Métropoles : et de sept qui font 22 !

par Aurélien Hélias
Orléans, hôtel de ville © Flickr-CouscousChocolat

En élargissant une nouvelle fois les conditions démographiques d’accès au statut de métropole, les députés vont permettre à sept communautés urbaines ou d’agglomération, à l'image d'Orléans, d’accéder au label métropolitain. Une mansuétude qu’a longtemps refusé d’accorder l’exécutif avant de céder devant les pressions renouvelées des maires et présidents d’interco concernés.

La France va bientôt avoir davantage de métropoles que dans toute l’Union européenne. Les députés ont en effet voté le 20 décembre le projet de loi relatif au statut de Paris et à l’aménagement métropolitain, en rétablissant en grande partie la version initiale du texte. Et contrairement au Sénat qui avait voté dans le sens d’une limitation du nombre de métropoles, le Palais Bourbon n’a pas hésité à voter des conditions de création permettant à 7 nouvelles agglomérations de rejoindre le club de moins en moins fermé des métropoles : Dijon, Orléans, Saint-Etienne et Toulonqui figuraient dans le texte initial – et Clermont-Ferrand, Tours et Metz.
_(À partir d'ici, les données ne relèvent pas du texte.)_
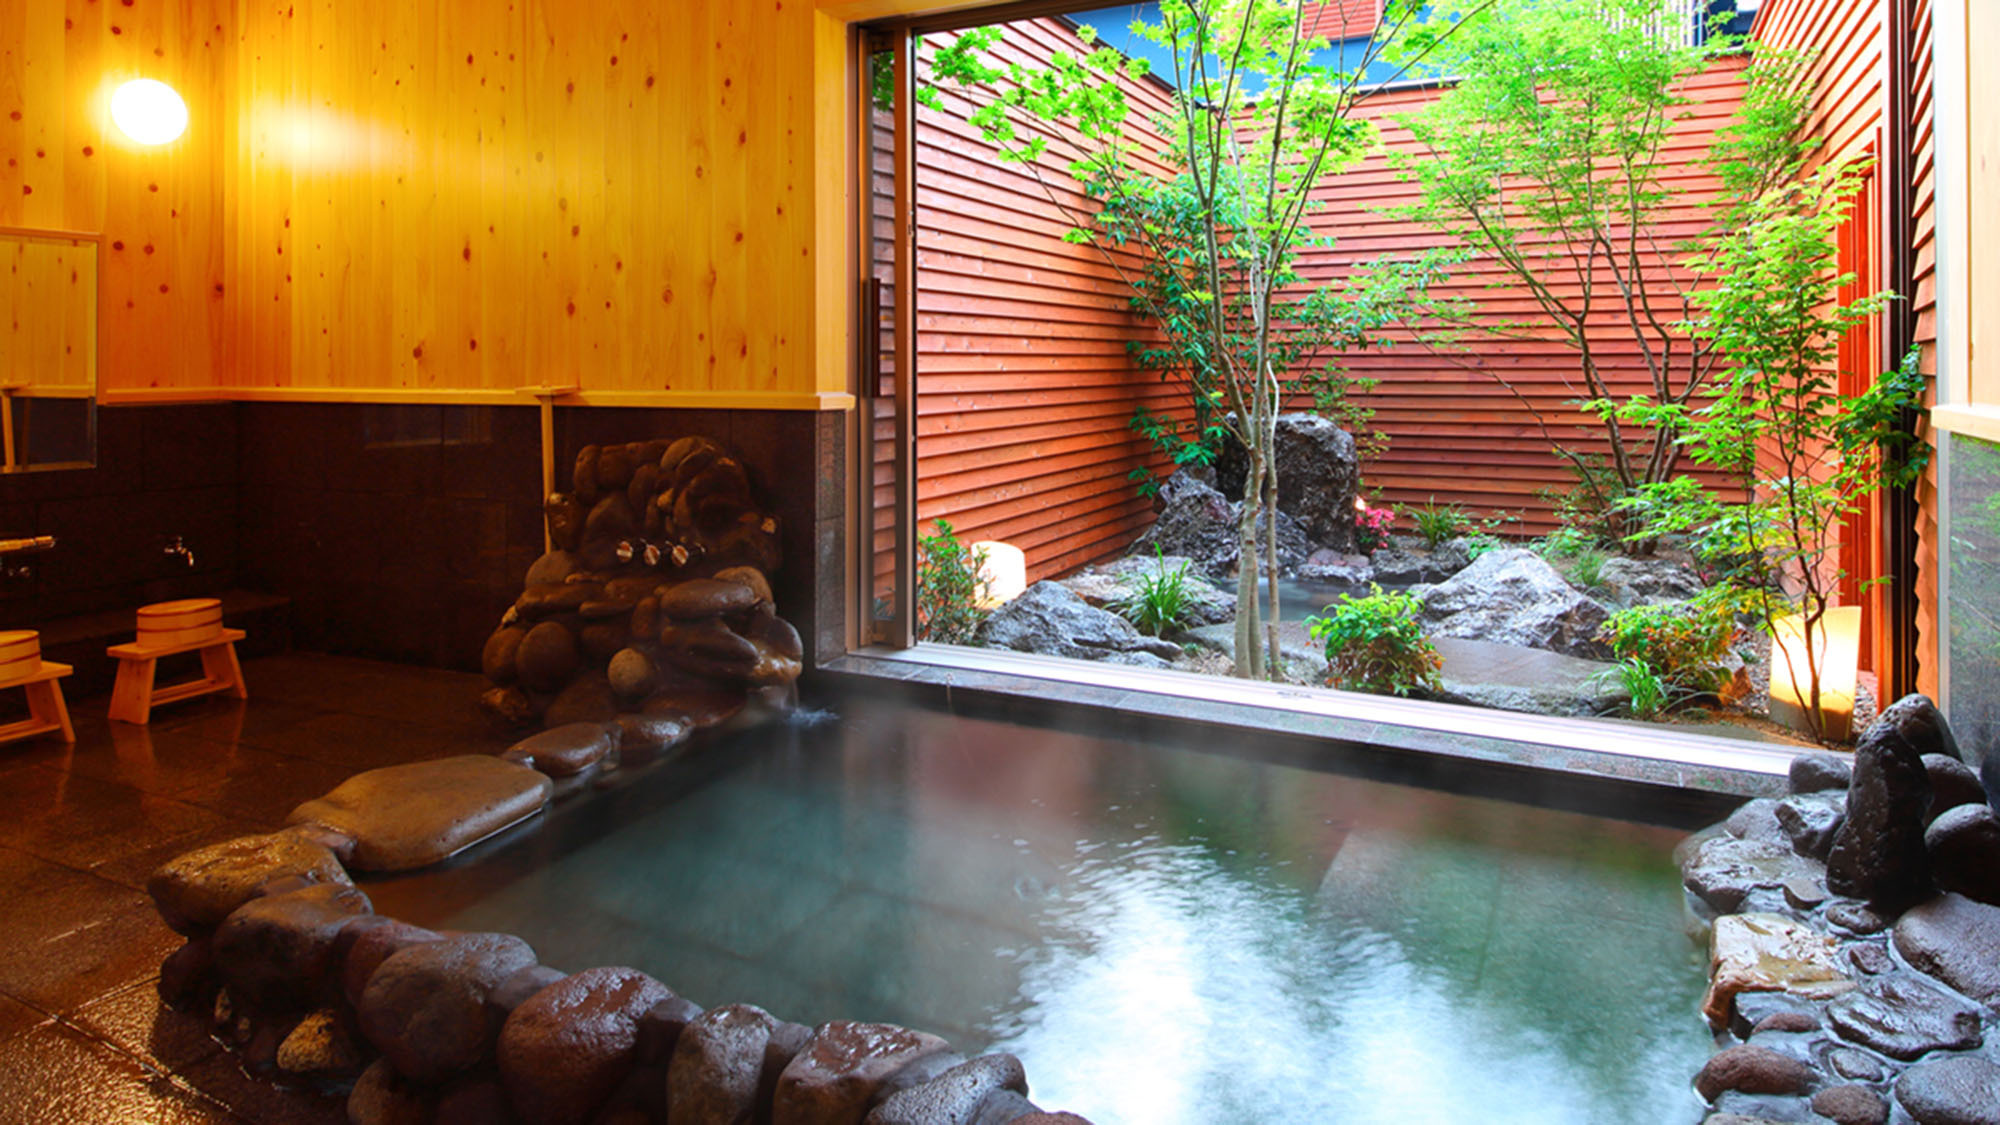 ・【匠(しょう)】檜壁、檜天井の心地よい香り溢れる内湯には個性豊かな石々で組まれた趣き深い岩風呂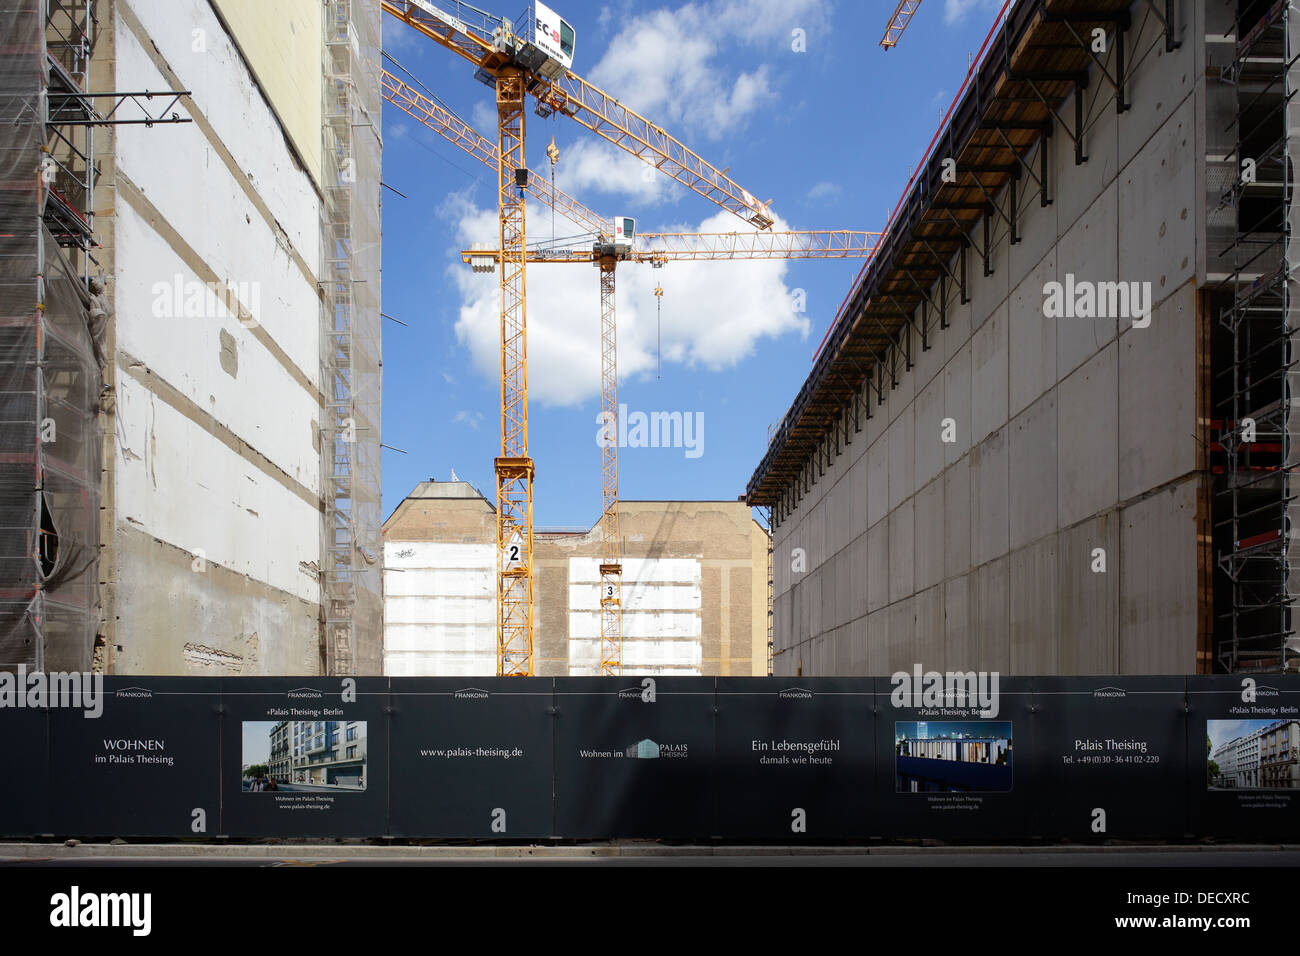 Berlino, Germania, il nuovo progetto di costruzione presso il Palais Theising Glinka Street Foto Stock

Ces agglos rejoindront ainsi les 15 métropoles déjà établies.  Car, selon le texte voté par les députés, il suffira désormais de rassembler une population supérieure à 250 000 habitants dans une grande zone d’emploi de plus de 500 000 habitants pour accéder au Graal métropolitain.

Le siège des ministères par les élus locaux

Longtemps, l’exécutif a été opposé à un tel élargissement des conditions d’accès au statut de métropole, depuis la ministre de la Décentralisation Marylise Lebranchu (2012-février 2016) qui avait porté les lois Mapam et Notre, jusqu’à plus récemment la secrétaire d’Etat aux Collectivités territoriales, Estelle Grelier qui ne cachait pas au Courrier des maires son peu d’entrain à voir le « club » des métropoles s’élargir autant. Mais finalement, les assauts répétés des élus locaux, maires et présidents des agglomérations concernées, dans un élan rarement vu d’unité politique locale, ont réussi à convaincre le ministre des Collectivités territoriales et de l’Aménagement du territoire, Jean-Michel Baylet, d’accéder à leurs doléances.

Dans leur argumentaire : une carte où les métropoles sont trop absentes de « l’intérieur » des terres de de l’Hexagone, des régions qui en étaient dépourvues (comme la région Centre Val-de-Loire qui en gagne deux d’un coup, Orléans et Tours) ;  la proximité d’une métropole qui pourrait écraser économiquement l’agglomération ne détenant pas le même statut…

De communauté d’agglo à métropole, le grand saut

Ainsi, dès septembre, le député-maire d’Orléans Olivier Carré savait qu’il pourrait bénéficier d’une disposition faite sur mesure dans le projet de loi permettant à l’agglo d’une zone d’emploi de plus 400 000 habitants incluant un chef-lieu de région d’accéder au graal métropolitain. Résultat : Orléans – Val de Loire (274 000 habitants) avait d’ores et déjà enclenché sa mutation.

En jeu pour Orléans comme pour d’autres : décrocher le label « métropole », son pouvoir supposé d’attractivité pour des investisseurs étrangers et son bonus financier. La métropole d’Orléans devrait ainsi toucher 5 millions d’euros supplémentaires de dotation. Et ce en accédant directement au statut de communauté d’agglo (CA) à celui de métropole, sans passer par la case communauté urbaine (CU) ou alors en passant très rapidement par ce « palier »…

Or les compétences des communautés d’agglo sont bien moins intégrées et étendues que celles des communautés urbaines. Les CA d’Orléans, Toulon, Clermont-Ferrand, Metz et Tours devront donc mettre les bouchées doubles pour réaliser une transformation en métropole dès 2018 comme elles l’ambitionnent.

Une CMP pour trancher… avant une nouvelle lecture ?

Le projet de loi ayant été présenté en urgence, une seule lecture est prévue dans chaque assemblée. C’est donc une commission mixte paritaire qui doit se réunir prochainement pour accorder les positions des deux chambres.  En cas d’échec, une nouvelle lecture interviendra.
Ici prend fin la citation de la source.